There is no first or second output in the kirkwood controller; there are I2S and S/PDIF outputs. Their hardware controls are done by bits in the different registers. Then, the driver may define its DAIs in any order and assign any DAI ID to these DAIs. So, for a given DAI, there is no relation between its type (I2s or S/PDIF), index in the dai driver (= asoc component index) and ID.
In the simple-card DT, the CPU DAI (as the CODEC DAI) is referenced by a phandle (the audio-controller) and a number which should identify the DAI. This number is translated to a DAI name thanks to the function snd_soc_get_dai_name(). This function scans the components and returns the name of the DAI (component) supported by the audio controller with the searched number equal to the component index (there is no 'xlate' function).
So, with the simple-card, the CPU or CODEC DAI binding (phandle + number) identifies what the software has put in its table, but not a hardware entity.
More: a simple audio card may easily be created from a graph of ports as the simple-card does, but by the audio-controller (sorry, I also forgot the kirkwood patch for this in my previous patch request). In case of complex cards, the links and properties of this graph may also be used by board specific card devices.
One issue is how to deal with multi-point-to-multi-point links. I2S/TDM is a bus and can have more than one reader/writer.
The second issue is how to describe the clock and frame master relationships. Multiple different buses can share the same clock and frame generator. E.g. typically the capture and playback stream are linked in this way.
The ports and endpoints may contain properties to describe these configurations. Complex cases should be handled by specific card builders.
Could you describe in detail what a card builder is and how to decide when and how a card builder is executed?
A card builder is a device which - scans the graph of ports, - fills the struct snd_soc_card according to the links between the ports and their properties, - and, eventually, calls snd_soc_register_card().
The simple card builder, 'dt-card' (maybe a better name would have been 'graph-card'), acts just like the simple-card except that it does not appear in the DT. Its creation is done by an audio controller.
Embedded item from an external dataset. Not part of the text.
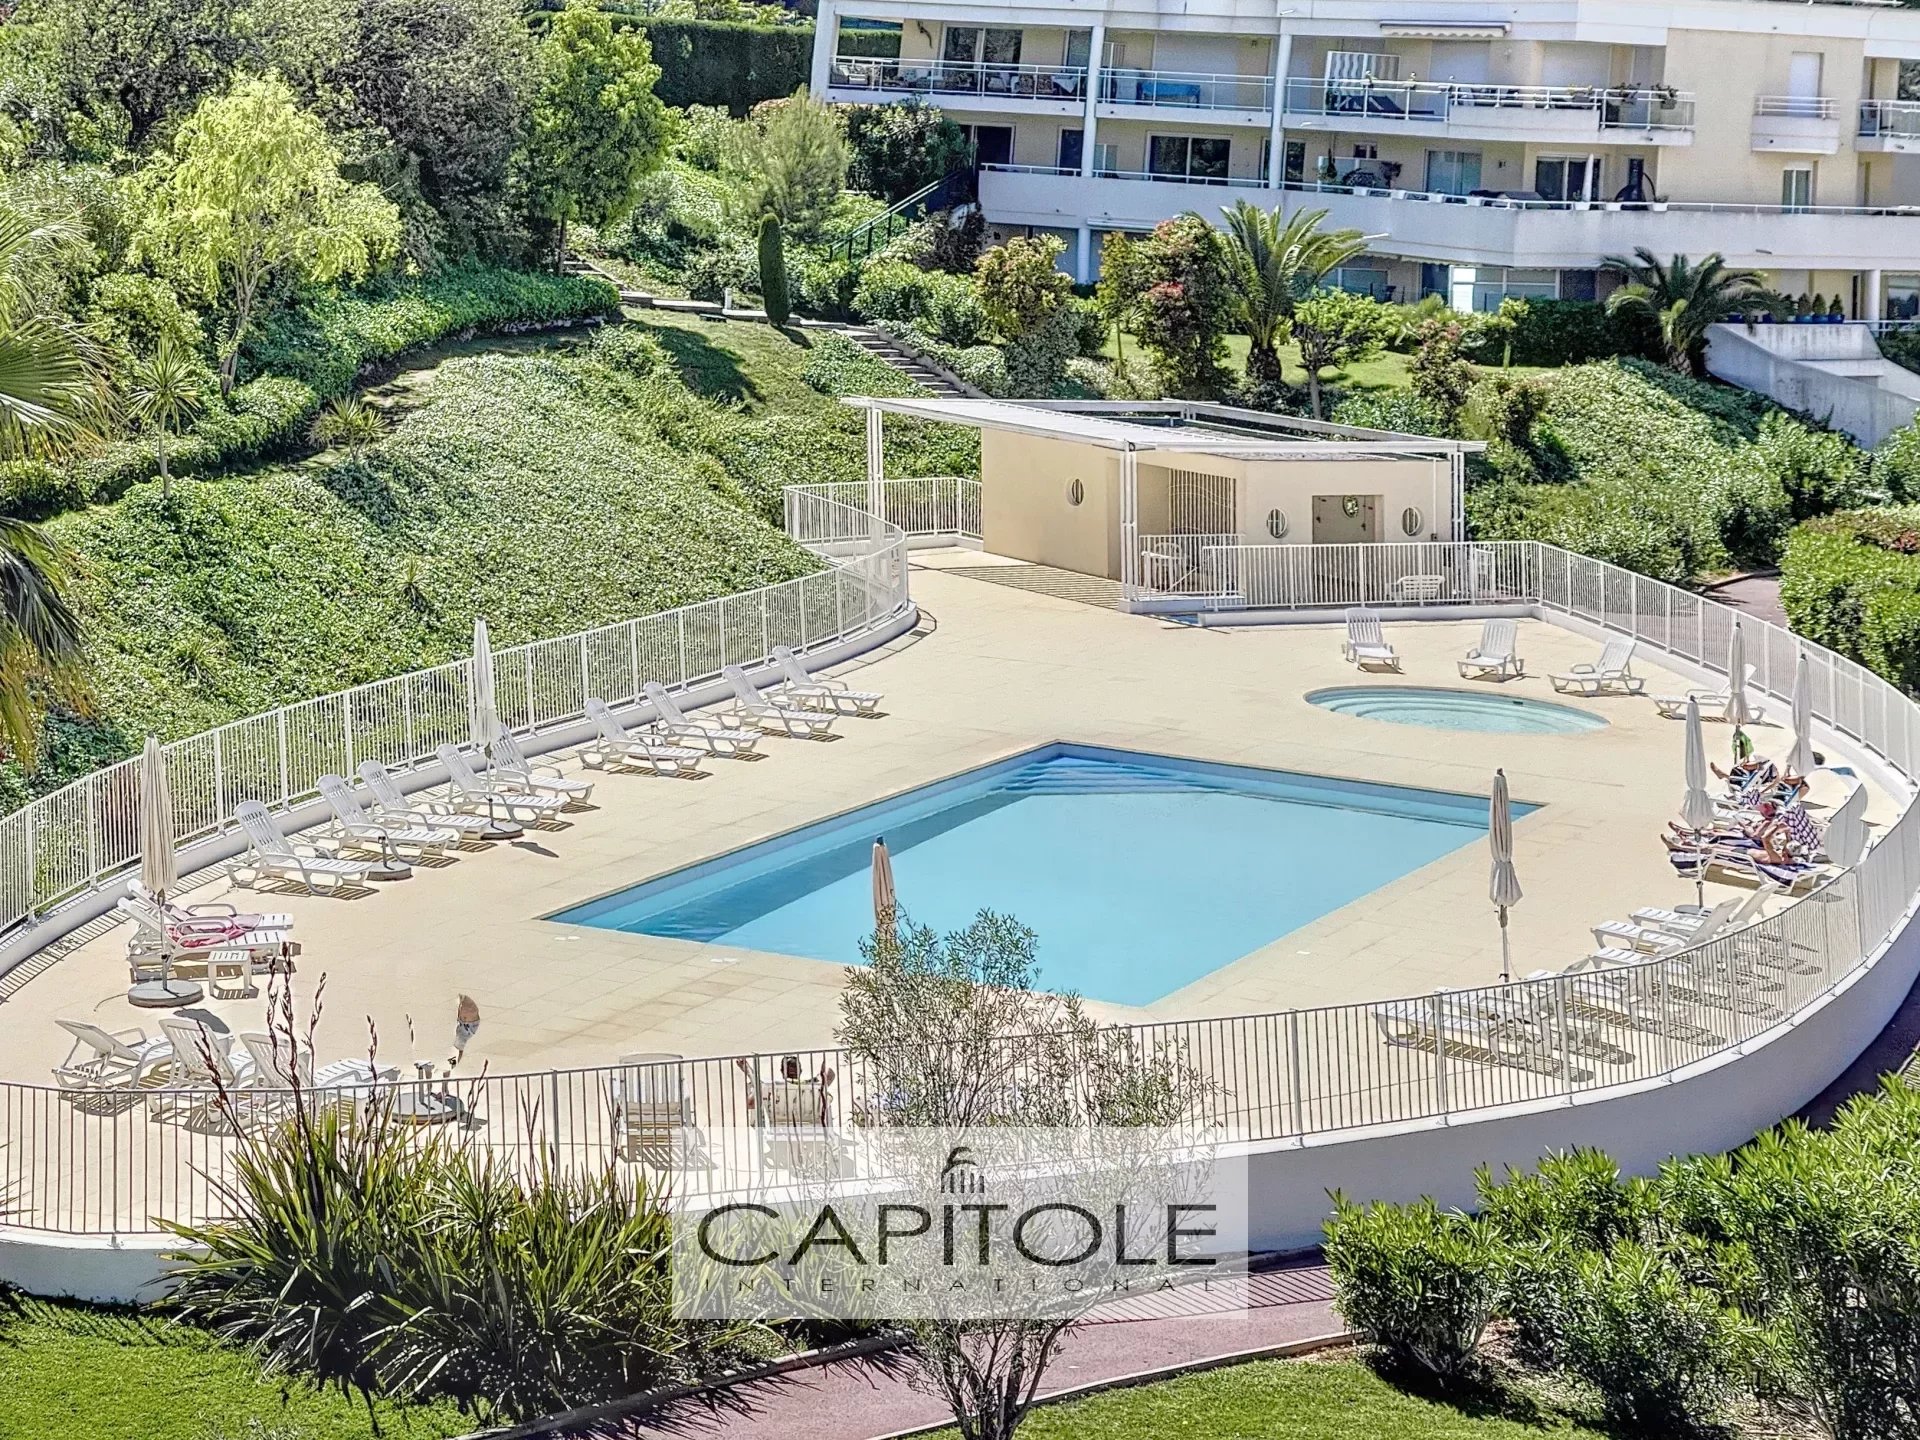 Antibes  for sale  top floor apartment  of 82m² with corner terrasse of 70m²

For complex cards, a card builder would be the same as an actual card driver, but with the capability to know about the board thanks to the graph of ports. Its creation could be done by a compatible device in the DT (as actually) or by the unique or a 'master' audio controller.
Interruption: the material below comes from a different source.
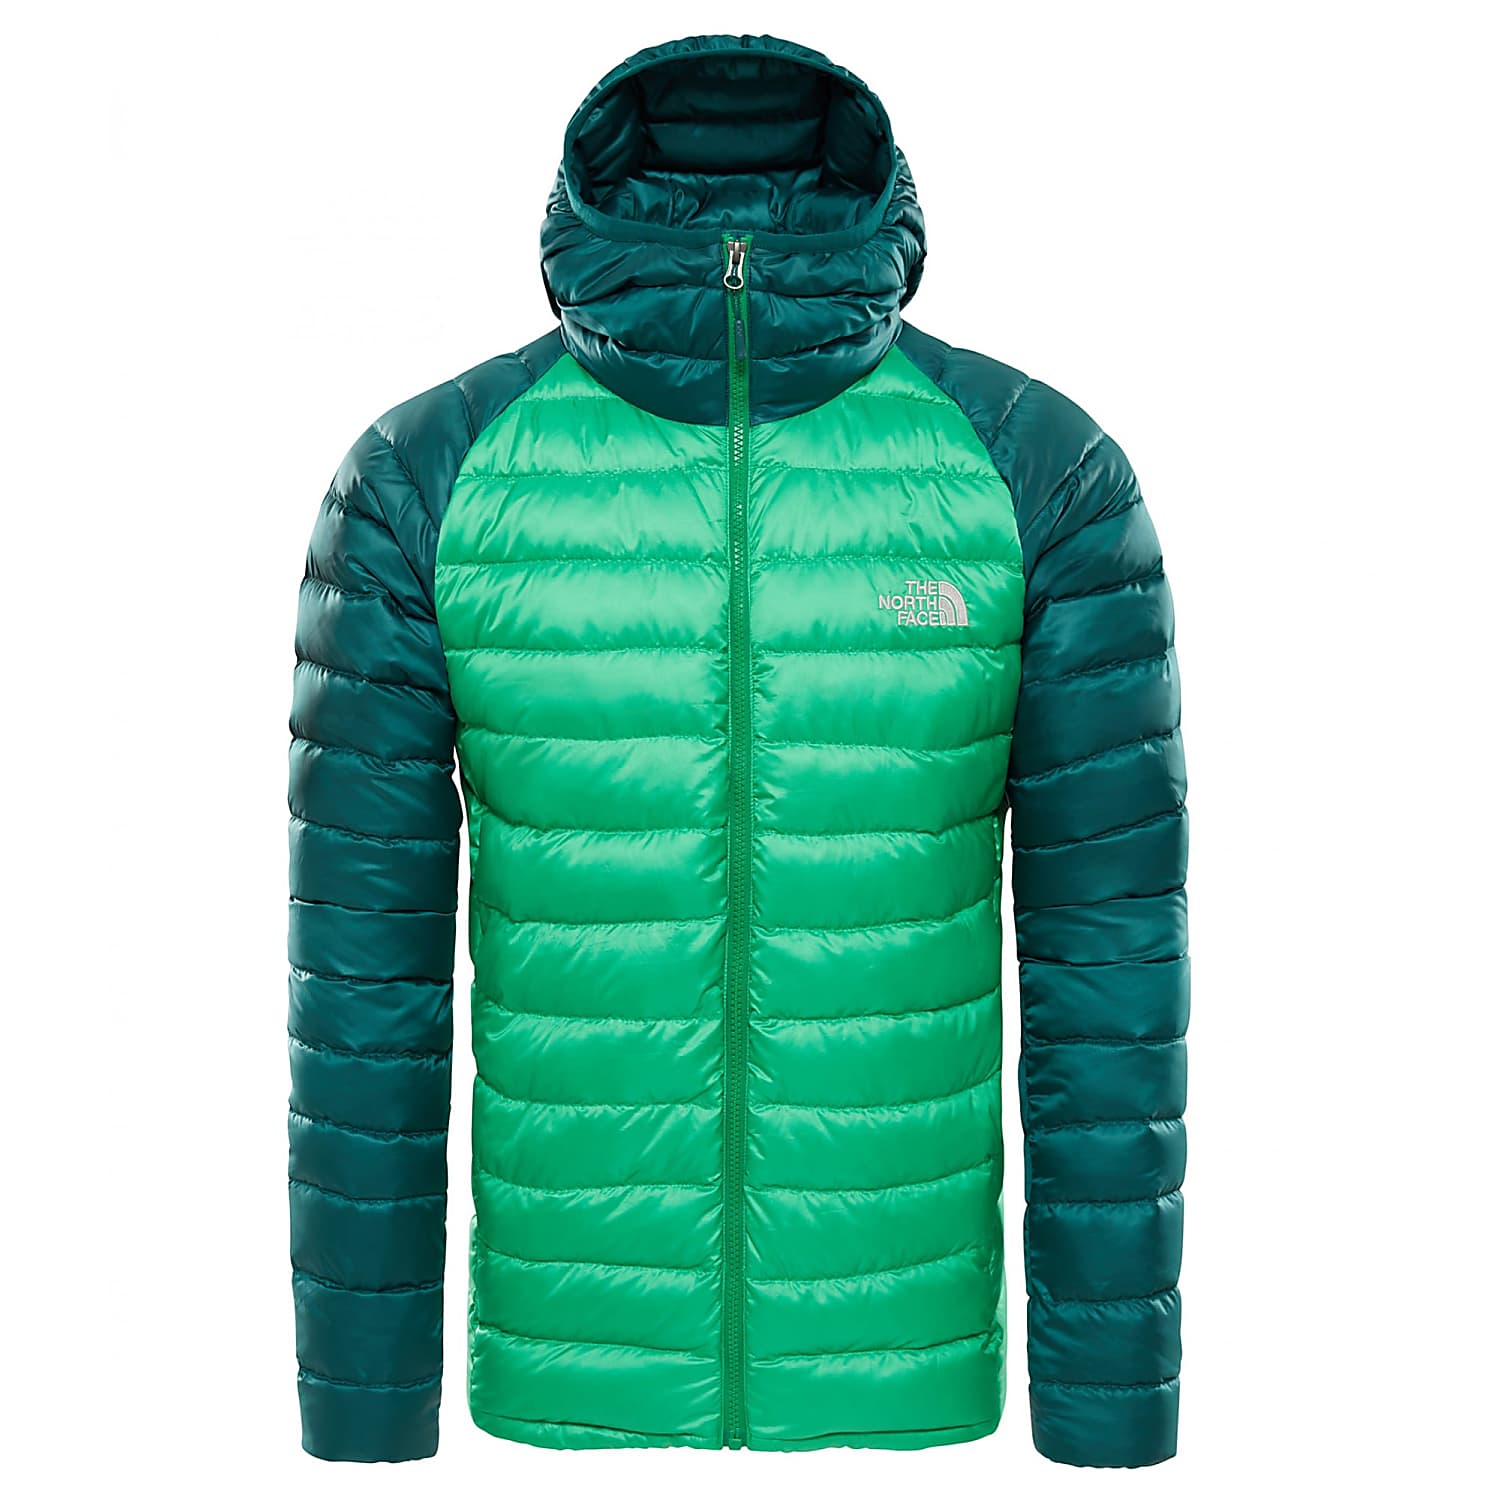 The North Face Trevail Hoodie Jacket Factory SAVE 32% - mpgc.net

A card builder is subject to a PROBE_DEFER after calling snd_soc_register_card(), so, when it is created by an audio controller, this last one should have created its own resources.
An audio controller does the following: - initialize the hardware and software, - create the DAIs from: - the graph of ports or - default values - register these DAIs and - if the DAIs where created by a graph of port, create the card builder.
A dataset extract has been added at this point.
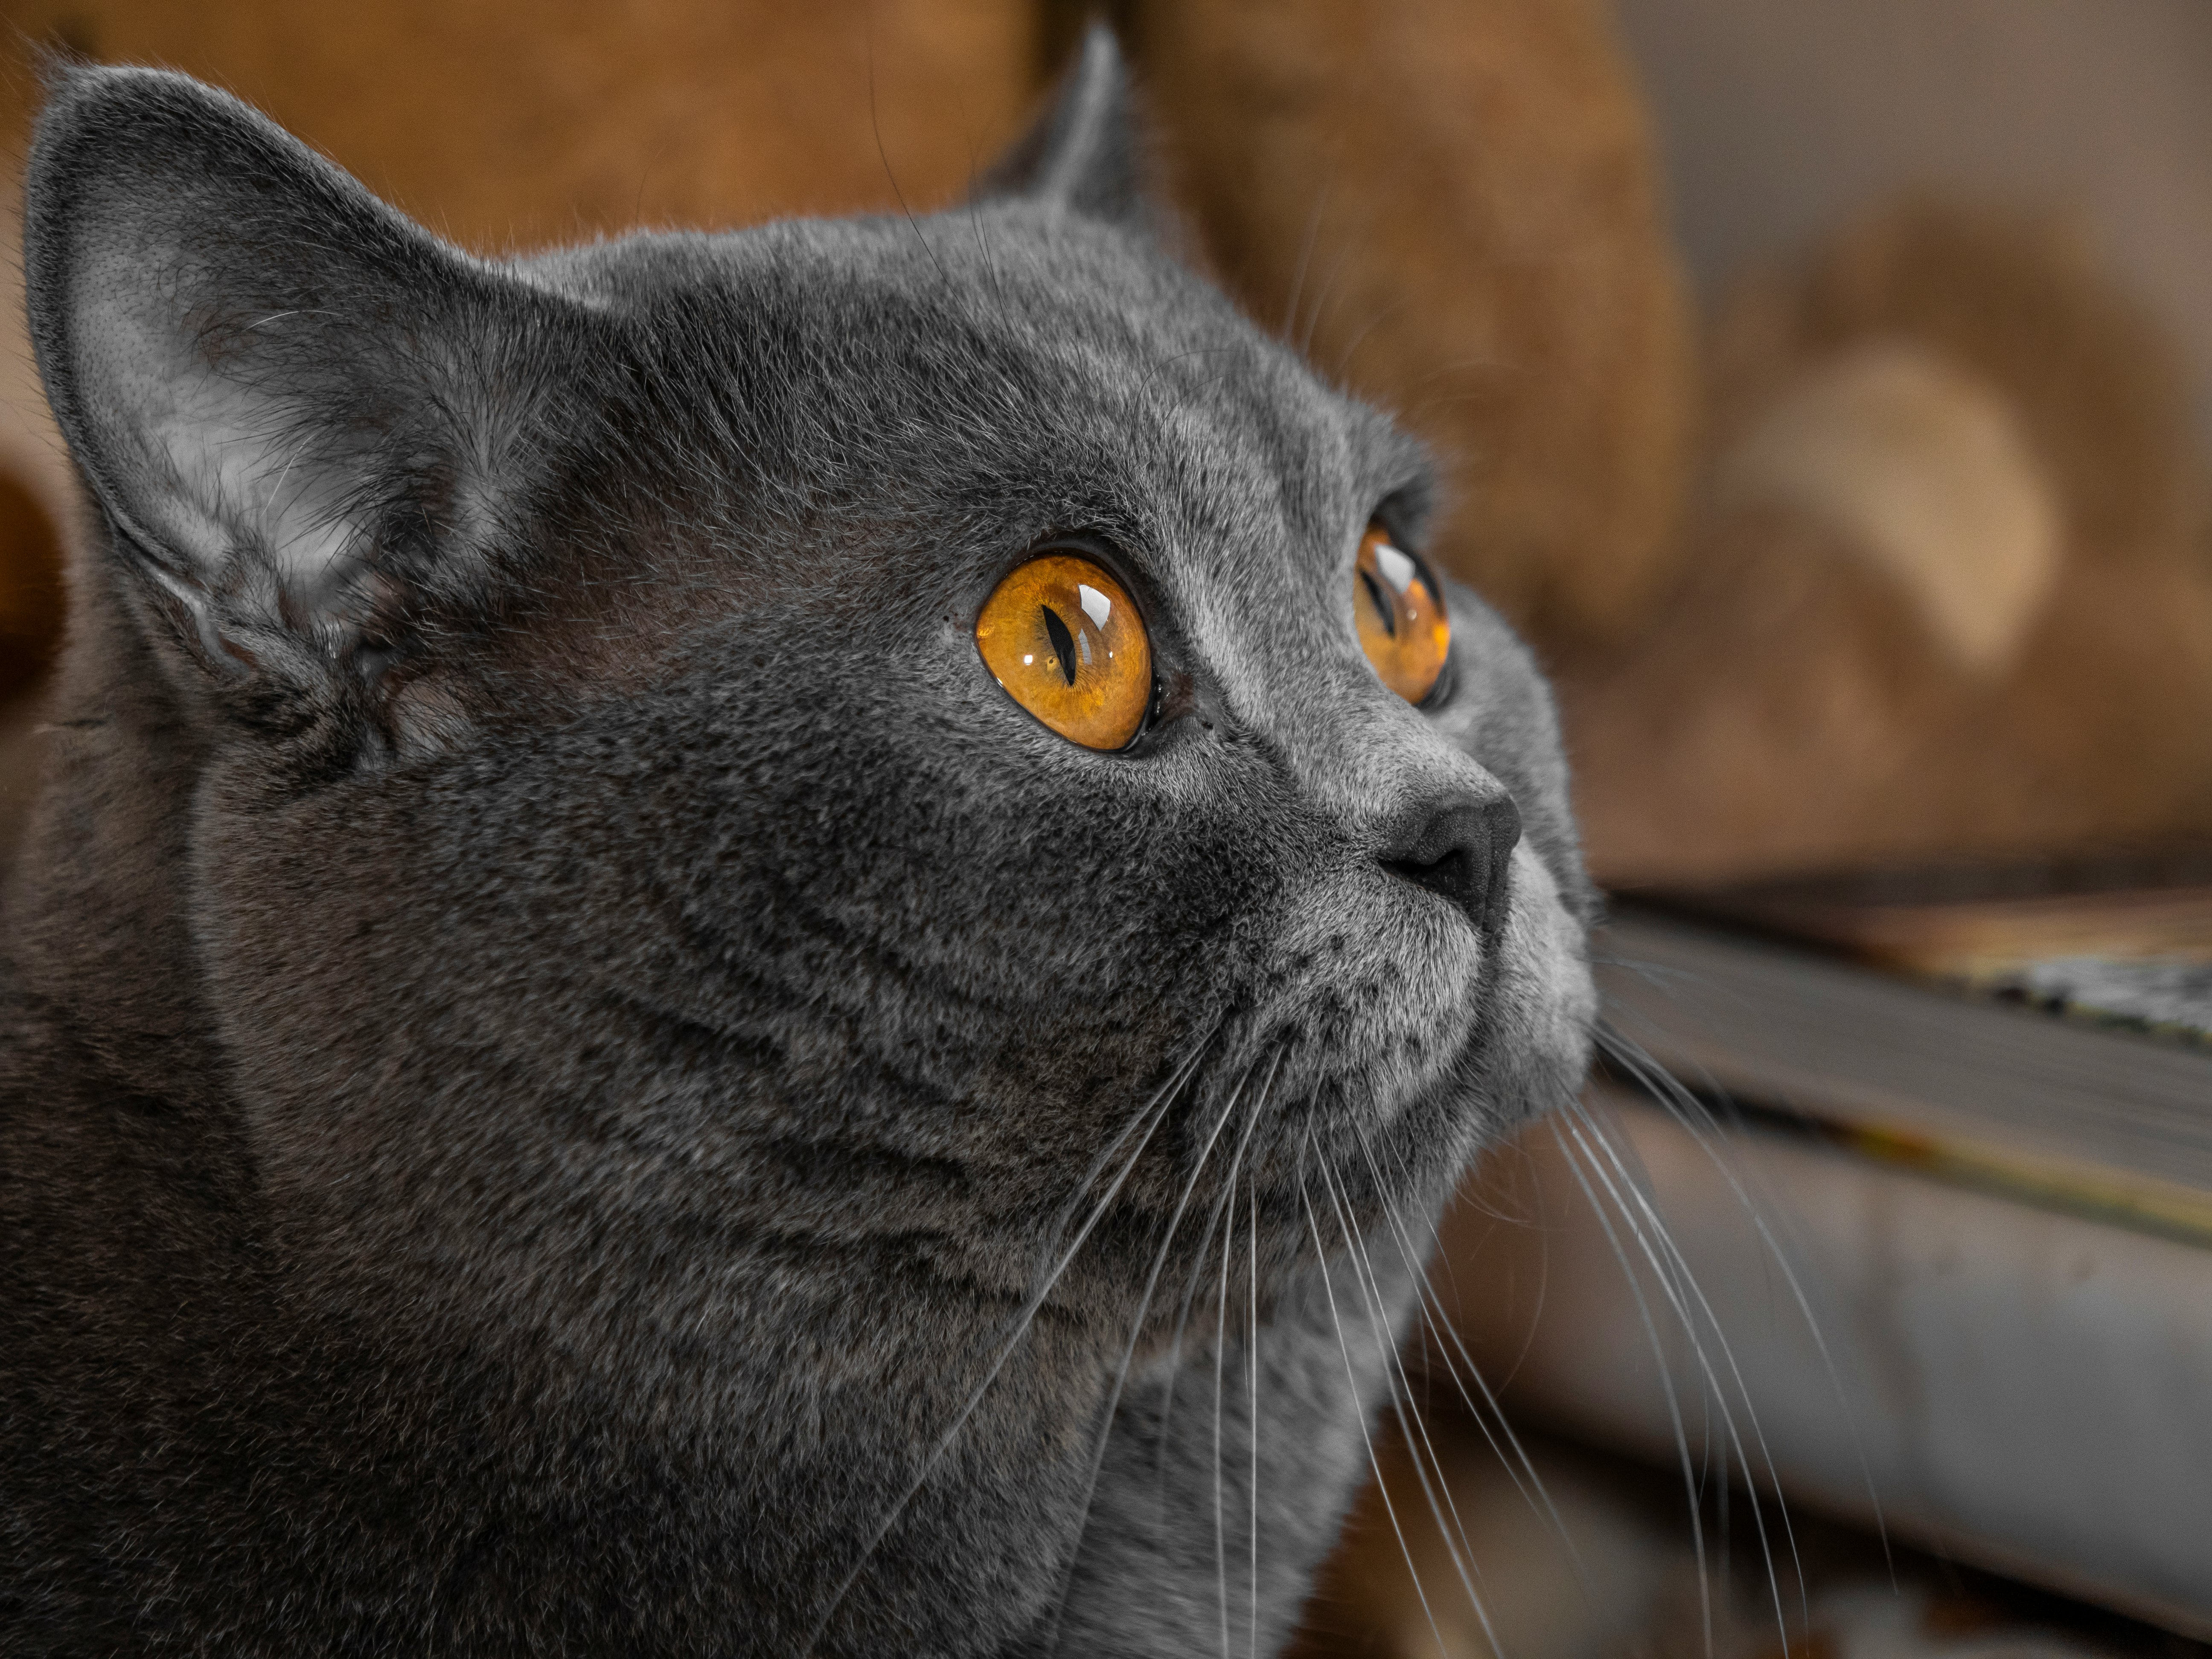 russian blue cat in close up photography

On the other hand, where would this information appear in the graph? As I understood, on card creation, the widgets and routes, which appear at the card level, redefine the CPU and CODEC DAI definitions.
What do you mean by "redefine the CPU and CODEC DAI definitions".
With a DT graph, each CPU/CODEC would know exactly the widgets and routes it has to define.
Which widgets/routes do you mean?
Well, forget about this. I never clearly understood why some widgets and routes had to be defined at card level.
Your example is a relative simple one where you do not have any additional audio fabric on the board itself.
Right, and that's why I'd be glad to have quickly something in the kernel. More properties could be added later as there would be requests.
I'd agree if this was some kind of kernel internal stuff, but this is creating ABI and we have to maintain it forever. Rushing this in without proper discussion and consideration of the more complex use-cases is in my opinion not a good idea.
Using a graph of port to describe the audio subsystem has been pushed forwards by many people for a long time, as shown by the creation of the document Documentation/devicetree/bindings/graph.txt.
Anyway, I am also glad to have this discussion.